Intuition can be of great help when making decisions, and as a writer, you may find that intuition plays a huge role in where you want to take your story and what you want to write. However, when you self-publish, you will find that you are part writer and part small business person who now has to think of your book as a product to be marketed and sold. Since the decisions you will make as a publisher will impact how well you are able to generate sales for your book, you now need to identify how productive intuition is and how much you can afford to make decisions based on this abstract concept.
Trusting your gut feeling is allowed when making business decisions but it should be backed up by solid business steps. Here are some things to consider:
Prove your intuition
One way to prove whether or not your intuition is helping you on a marketing front is to test it. You can test your business sense by going against your inner voice and seeing how well those instances work for you from a purely analytical business standpoint.
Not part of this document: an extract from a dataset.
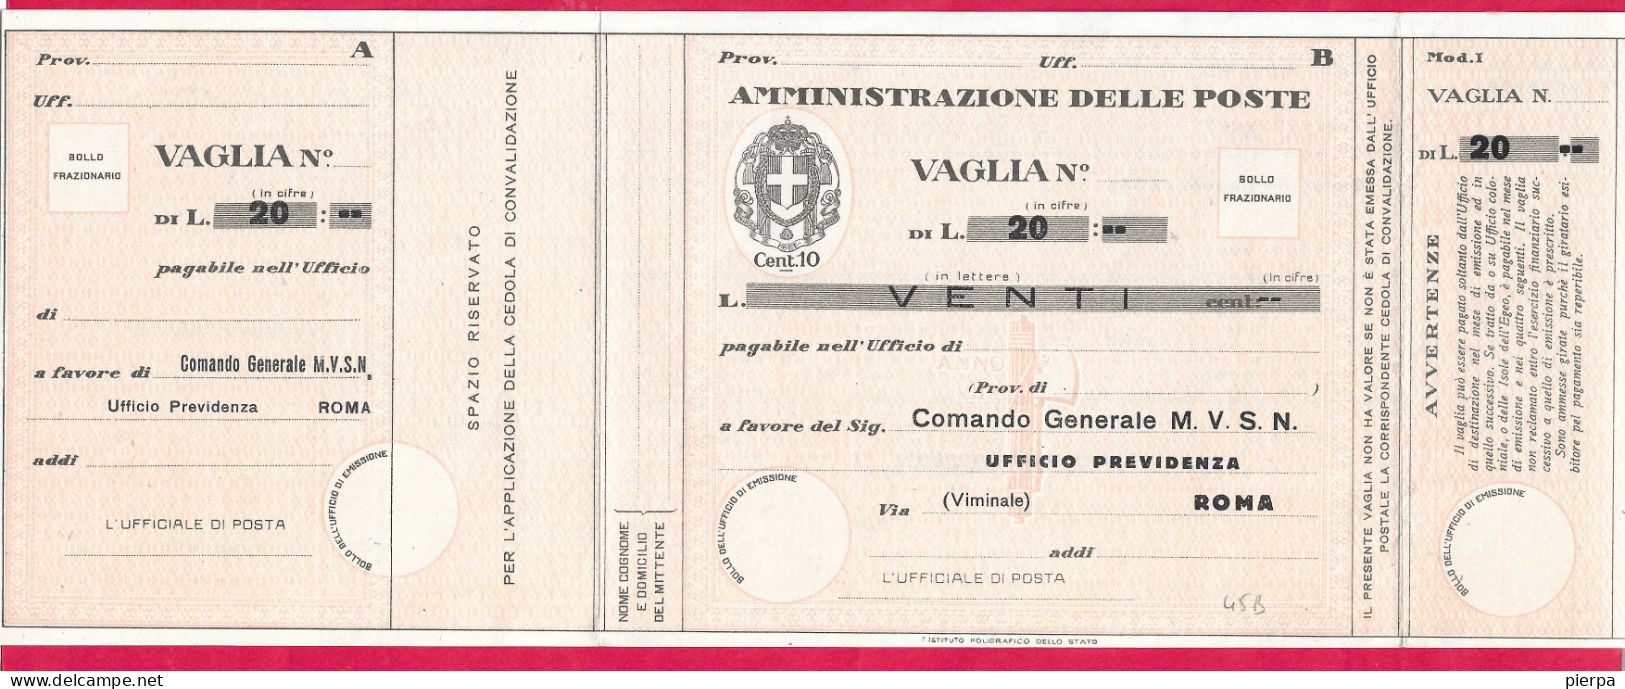 MODULO VAGLIA POSTALE C.10 (CAT. INT. 45/B) PRECOMPILATO M.V.S.N. LIRE 20 - NON VIAGGIATO - Strafport Voor Mandaten

However, many business people who allow themselves to be guided by intuition might say that they do so after they have thoroughly examined the facts and figures before allowing themselves to feel what the next move should be. Either way, proving your intuitive voice could be very helpful in putting your work on the market.
One of the issues with intuition is that it can rely on patterns obtained from previous experiences and this can be a misplaced guide in publishing when you may not have encountered a particular pattern before. This can be especially true if you are a first-time publisher.
Have a plan
One problem that might hinder you from becoming a successful self-published author is the mistake of only having a plan that serves you as a writer. After all, in essence that is what you are -- a writer, and the business bit might not come naturally. However, even when relying on intuition to get you through, you need to have a long-term plan guided by strategic objectives that are flexible enough to be achievable through multiple options.
Planning ahead should be a 5-year forecast of how to achieve your best revenues from the projects you have either completed, have in the works, or that you foresee yourself achieving and then, with solid business facts, put your gut to work.